Metadata-Version: 2.1
Name: science-data-structure
Version: 0.0.4
Summary: Structure for large data-sets in science
Home-page: https://github.com/woutervanveen/science_data_structure
Author: Wouter van Veen
License: UNKNOWN
Platform: UNKNOWN
Classifier: Programming Language :: Python :: 3
Classifier: License :: OSI Approved :: MIT License
Classifier: Operating System :: OS Independent
Requires-Python: >=3.8
Description-Content-Type: text/markdown
Requires-Dist: Click

![PyPI](https://img.shields.io/pypi/v/science-data-structure)
![PyPI](https://img.shields.io/pypi/dm/science-data-structure)
![GitHub last commit](https://img.shields.io/github/last-commit/woutervanveen/science_data_structure)
# Science data structure

This library makes it straight forward to make a tree folder structure for large data-sets. For now it supports numpy arrays only, but I have plans to implement pandas, csv, tab-separated and excel soon. 

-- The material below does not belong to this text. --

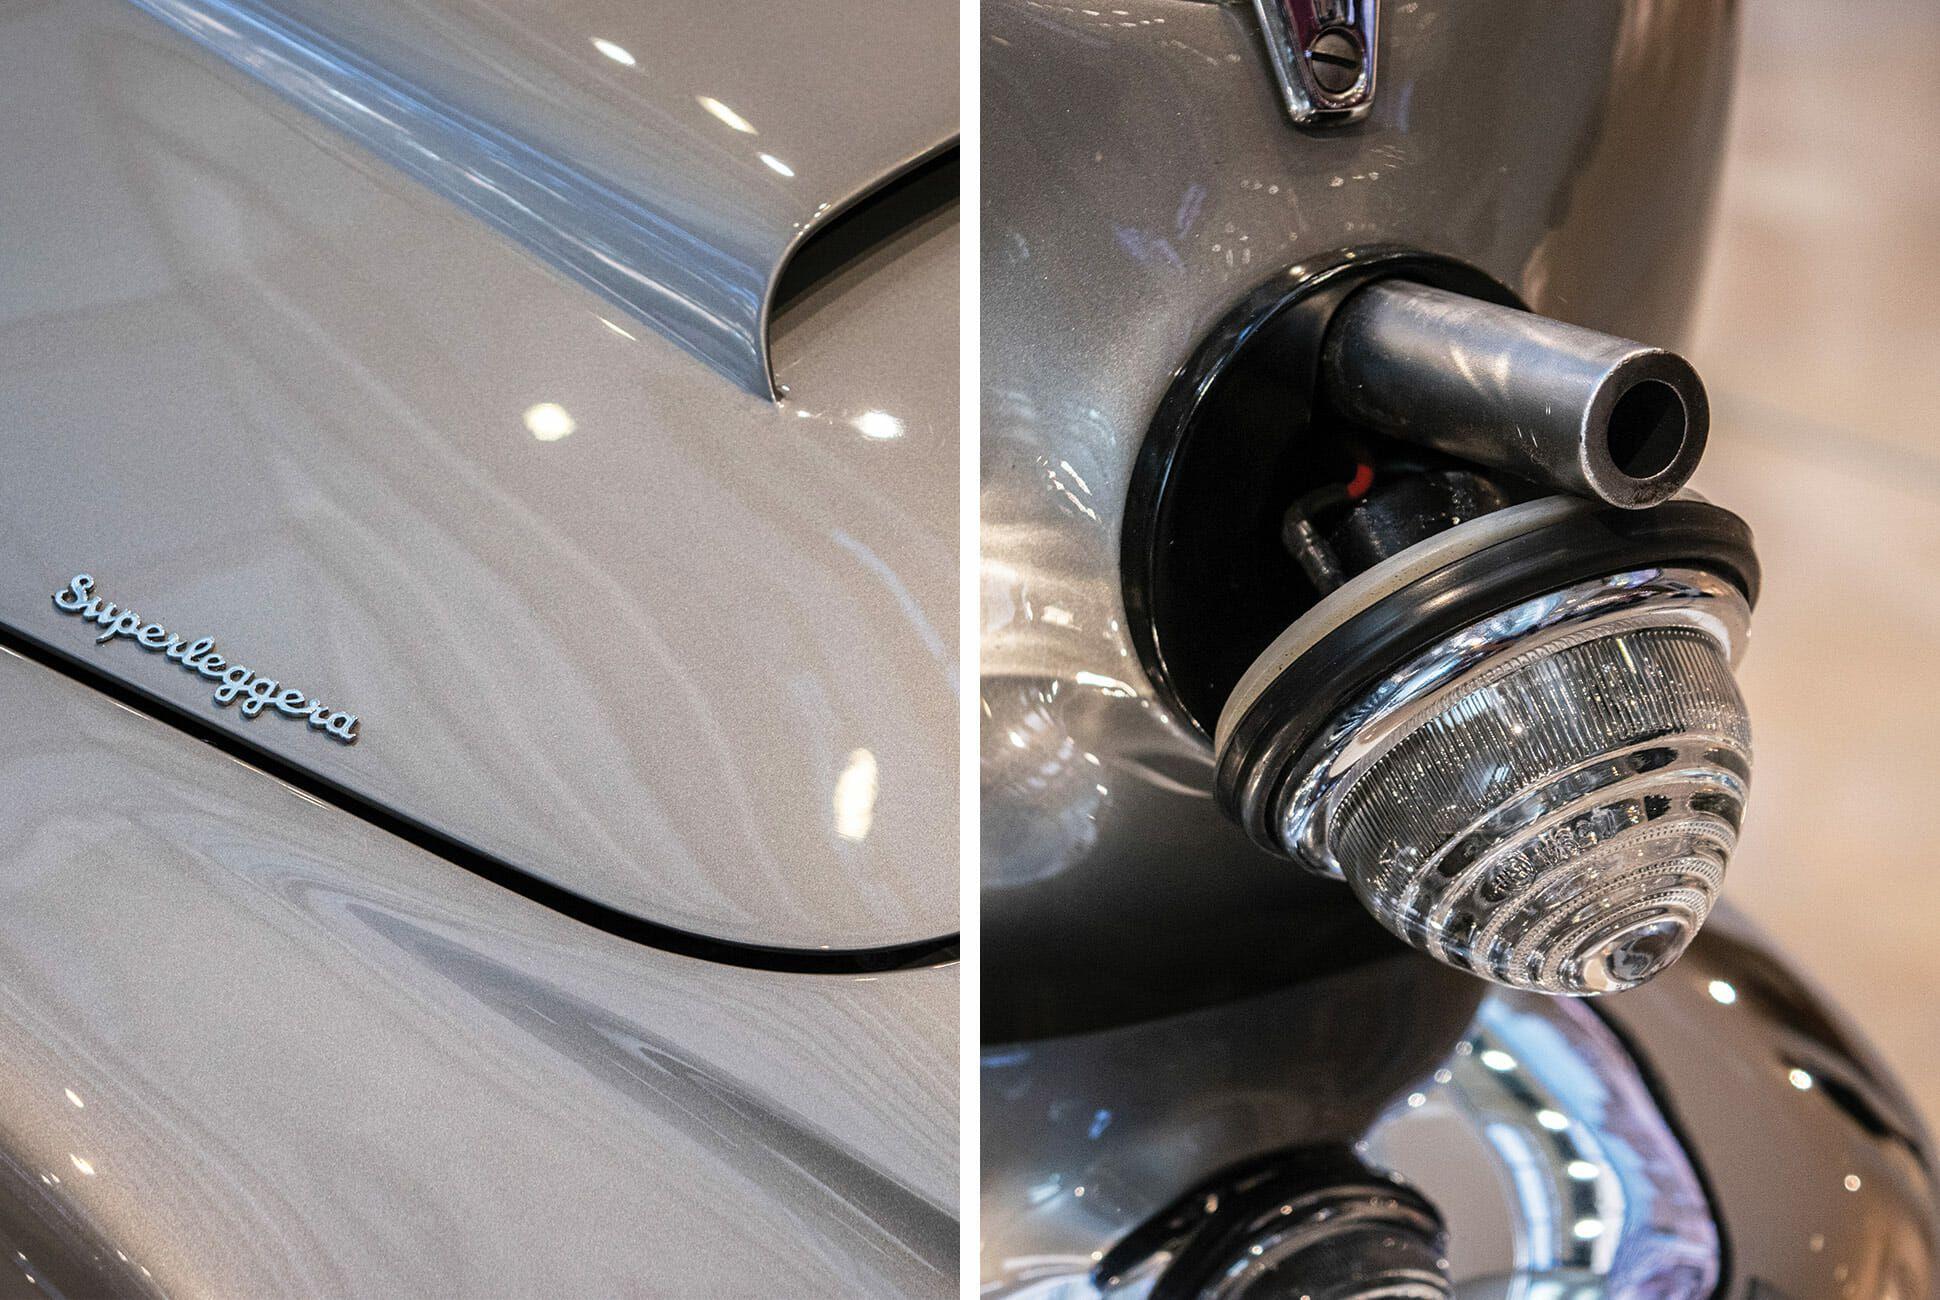 James-Bond-Aston-Martin-DB5-gear-patrol-slide-2

The idea behind the library is to make a data-set browse-able with a normal file browser. The components can be rearranged with the use of Python, the terminal or a simple file-browser. 


## Install
Install through pip
```
pip install science-data-structure
```

Manual installation
```
python setup.py install
```

## Command line tools
This library is bundled with command line tools to create a system wide author

```bash
science_data_structure global create author "<name>"
```
or
```bash
science_data_structure global create author
```
and you will be prompted for the name of the author. You only have to run the above commands a single time, the data is stored in a configuration file (the location is dependent of your OS). From the command line you can create a dataset:

```bash
science_data_structure create dataset "<name>" "<description>"
```

The author you have created for you system is added to this dataset. Go into the folder of the dataset and execute:

```bash
science_data_structure list author
```
to view all the authors in this dataset. Alternatively you can list the entire meta file

```bash
science_data_structure list meta
```


## Examples

### Simple data-set
In this simple example a data-set is created, with a single branch `parabola`. In this branch two "leafs" are added `x` and `y`. At the end of the example the data_set is written to disk.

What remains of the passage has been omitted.